En France, le ministre de la Culture, Frédéric Mitterrand, s’est déclaré «stupéfait» par l’arrestation de Polanski, qui a la nationalité française et vit en France. Il «regrette de la manière la plus vive qu’une nouvelle épreuve soit infligée à celui qui en a déjà tant connu». Le ministre s’est aussitôt entretenu du sort de Polanski avec le président français Nicolas Sarkozy, lequel suit personnellement le dossier «avec la plus grande attention» et «partage le souhait d’une résolution rapide de la situation».

Roman Polanski avait été arrêté en 1977 à Los Angeles à la suite de la plainte des parents d’une adolescente de 13 ans. Il avait plaidé coupable de «relations sexuelles illégales». Les faits s’étaient produits dans la villa de la star d’Hollywood Jack Nicholson lors d’une soirée arrosée au champagne. Polanski avait aussi fait consommer de la drogue à la mineure avant d’entretenir des relations sexuelles avec elle.

Envoyé en «observation psychiatrique» pendant trois mois, il y avait passé 47 jours. Puis il avait pris la fuite, un jour du mois de janvier 1978, au lendemain d’une réunion entre ses avocats et le juge. Cedernier avait laissé entendre qu’il allait le renvoyer sous les verrous. Polanski avait décidé de prendre le premier avion pour Londres. Il avait finalement trouvé un refuge en France, pays dont il a acquis la nationalité et qui ne l’a jamais inquiété pour les faits qui lui sont reprochés. Un Etat n’extrade pas ses propres ressortissants.

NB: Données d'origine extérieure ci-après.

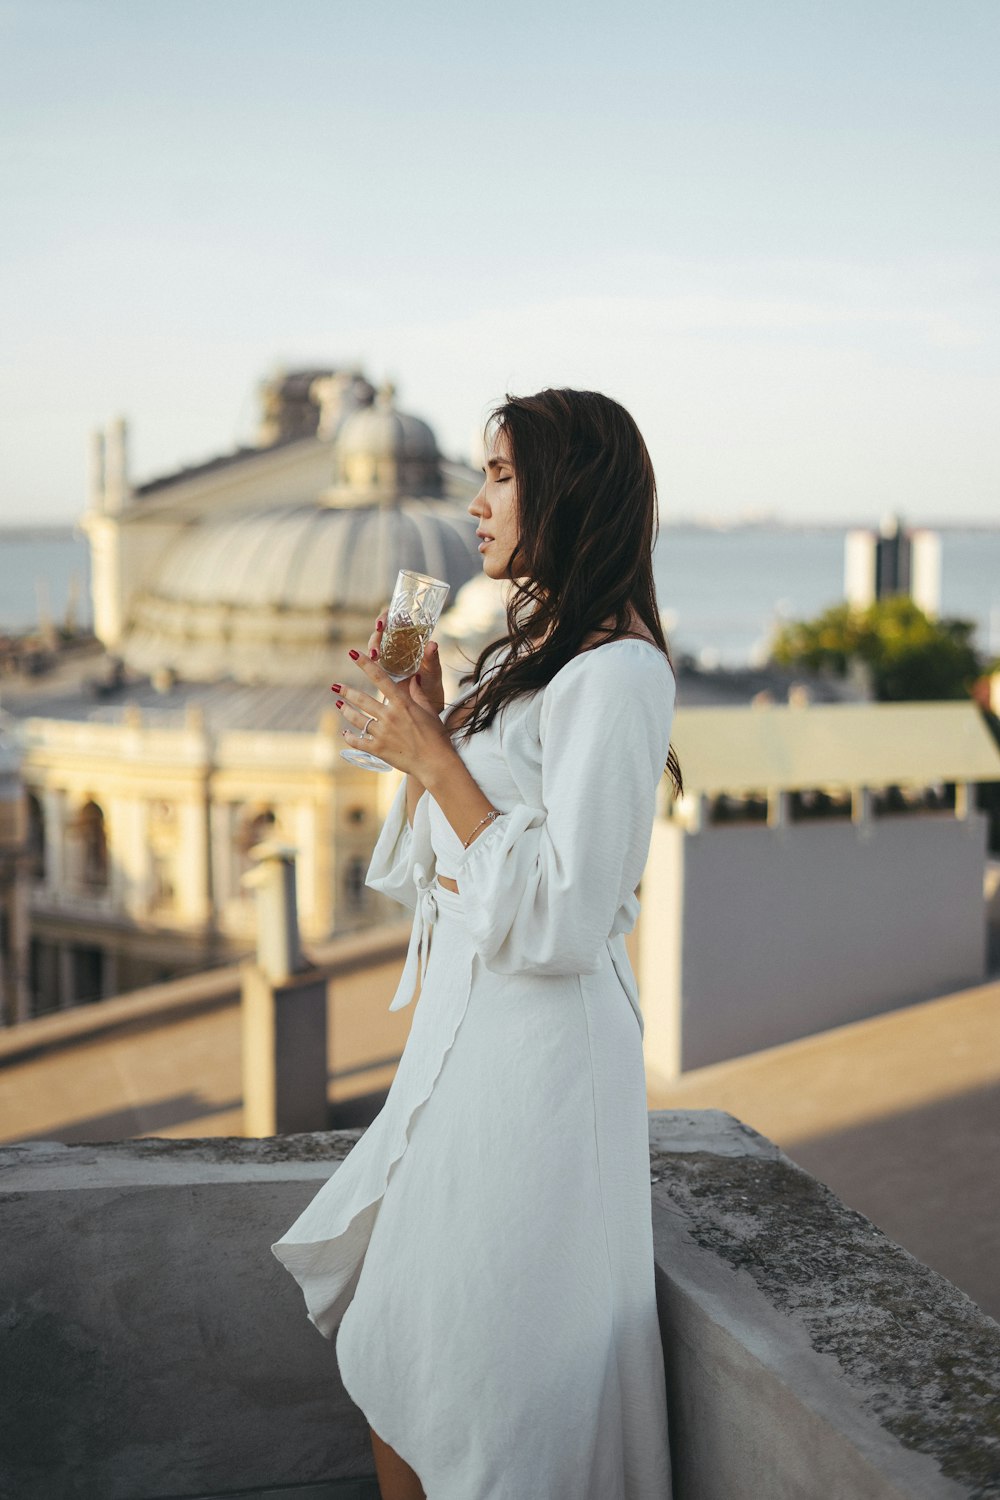 Una mujer con un vestido blanco sosteniendo una copa de vino

La procédure ouverte contre Polanski à Los Angeles n’a jamais été classée. Au début de l’année 2009, Roman Polanski avait chargé ses avocats aux Etats -Unis de relancer une demande de classement des poursuites le visant. Il voulait prouver qu’il avait été victime d’un lynchage médiatique et de l’acharnement d’un magistrat partial. Il fondait sa demande sur des éléments nouveaux révélés par le film documentaire que la cinéaste Marina Zenovich a consacré à toute l’affaire: Roman Polanski: Wanted and Desired. Il faisait aussi valoir que la victime de l’époque aujourd’hui âgée de 45 ans, Samantha Geimer, lui avait pardonné et qu’elle était elle-même favorable au classement des poursuites. Mais le tribunal ne l’a pas suivi.

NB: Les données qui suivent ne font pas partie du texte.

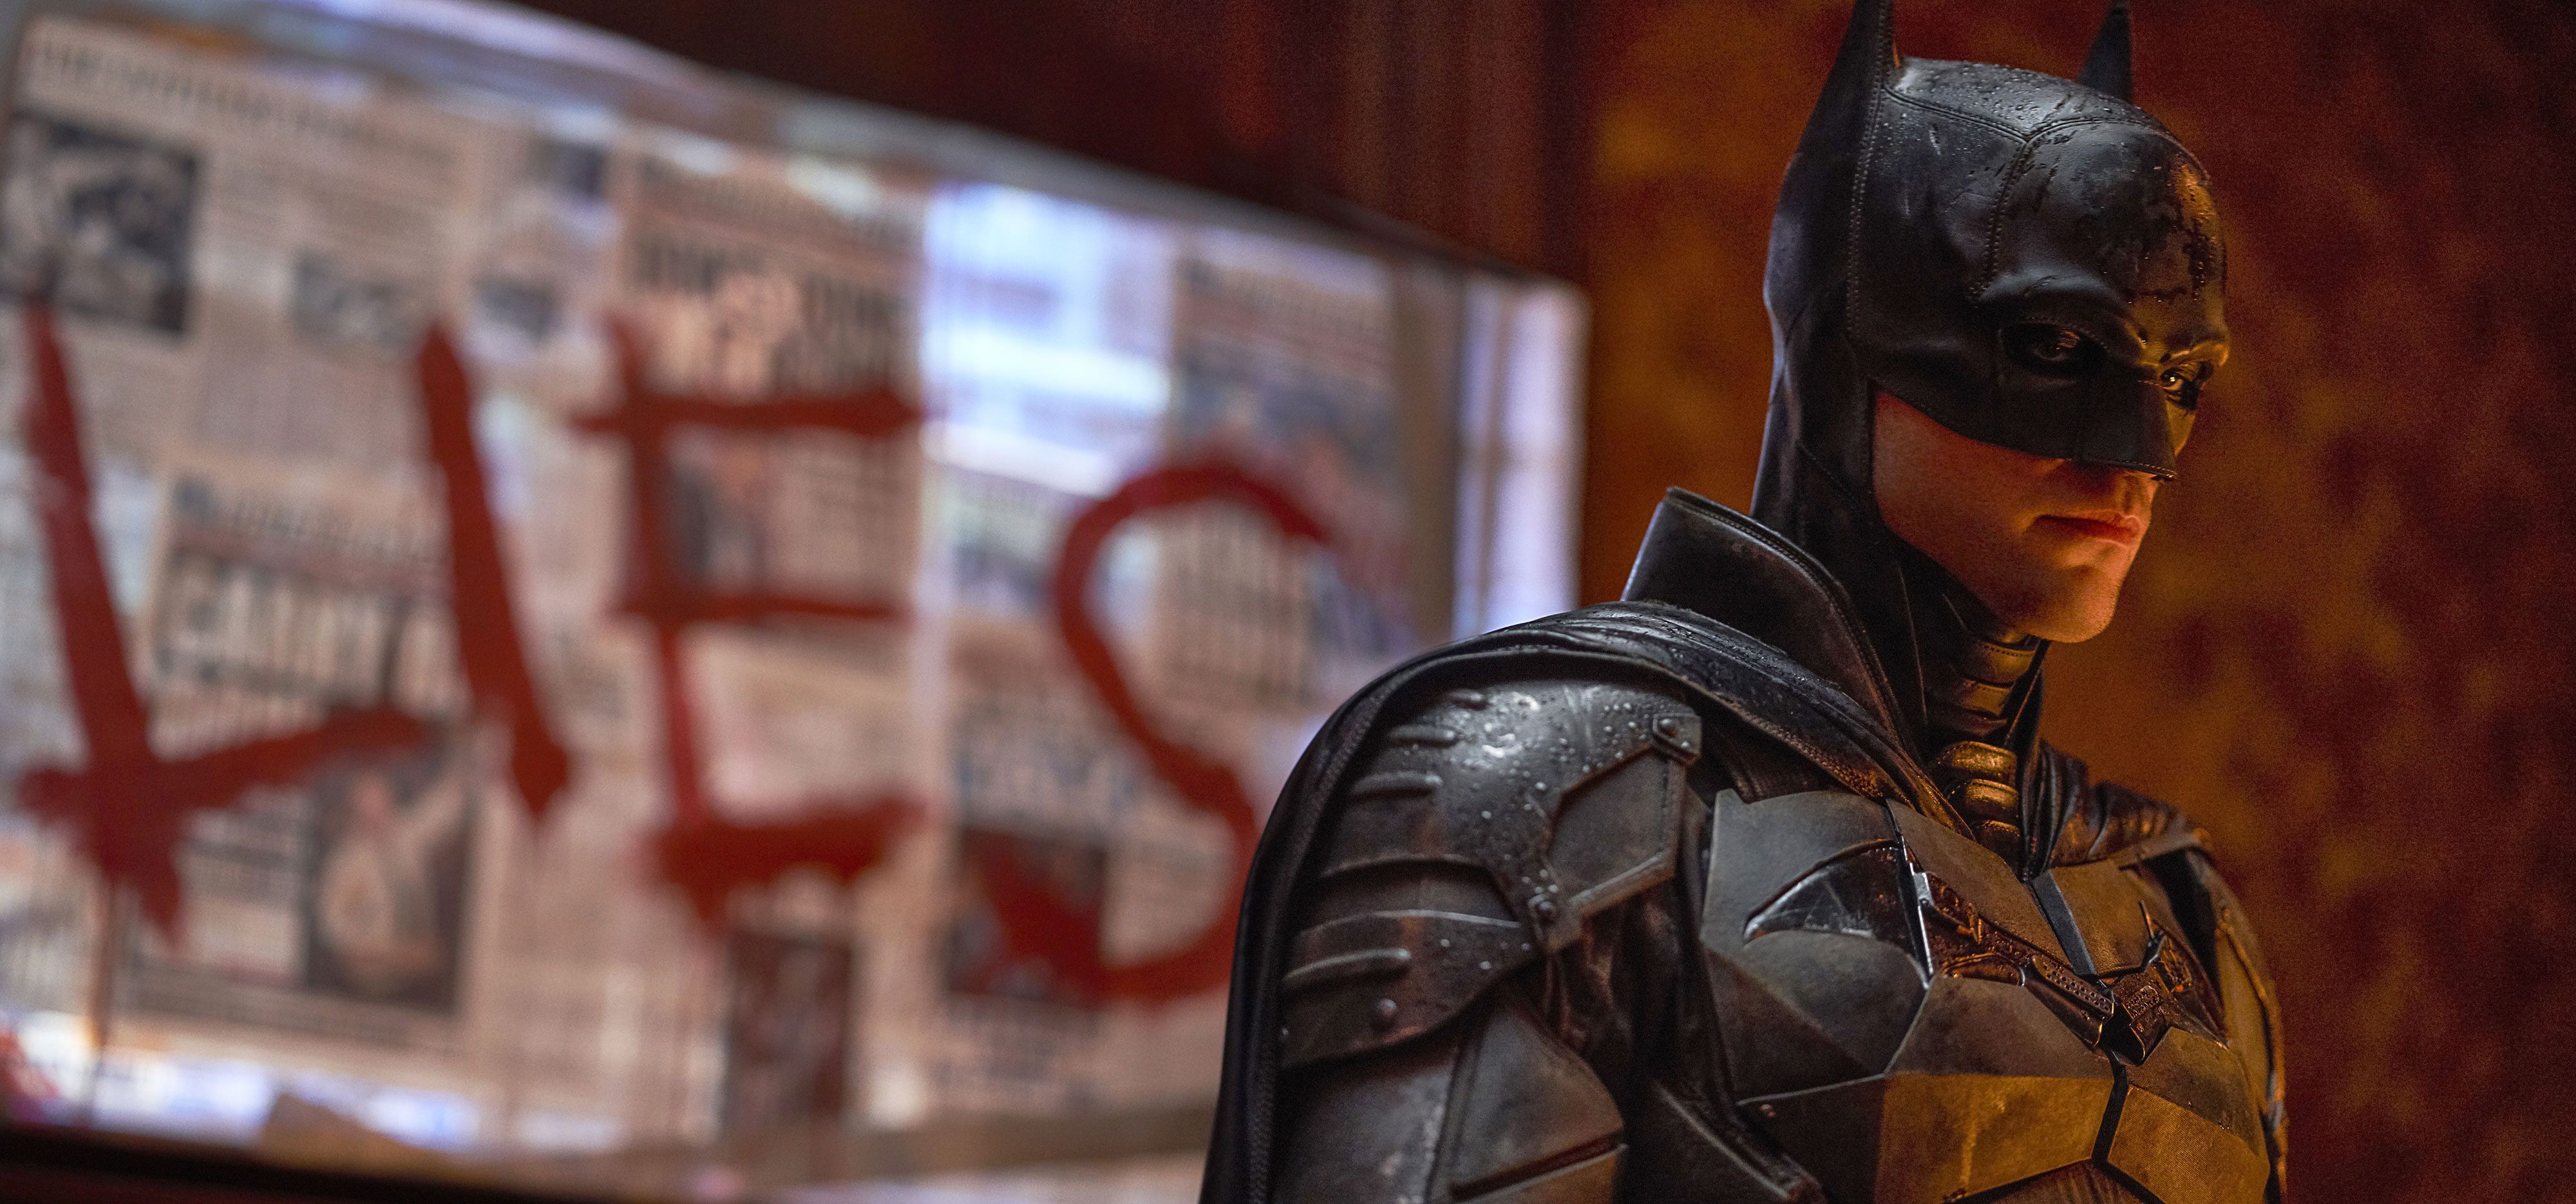 Let's post our favorite Batman wallpapers! : r/batman

La remise du prix prévue ce dimanche à Zurich est reportée à une date indéterminée, a indiqué dans un communiqué le Festival du film de Zurich. Le cinéaste aurait dû recevoir un prix d’honneur pour l’ensemble de son œuvre. La rétrospective de ses films reste en revanche au programme du festival. Un des films qui sera projeté est Le Pianiste, pour lequel Polanski a reçu un Oscar en 2003. C’est son ami Harrison Ford qui lui avait alors apporté son prix à Paris. Polanski n’avait pas voulu prendre le risque de se rendre à Hollywood pour la traditionnelle soirée de remise des Oscars. Polanski est un des plus grands cinéastes contemporains. Il a reçu des prix pour ses films à tous les grands festivals: Cannes, Venise, Berlin.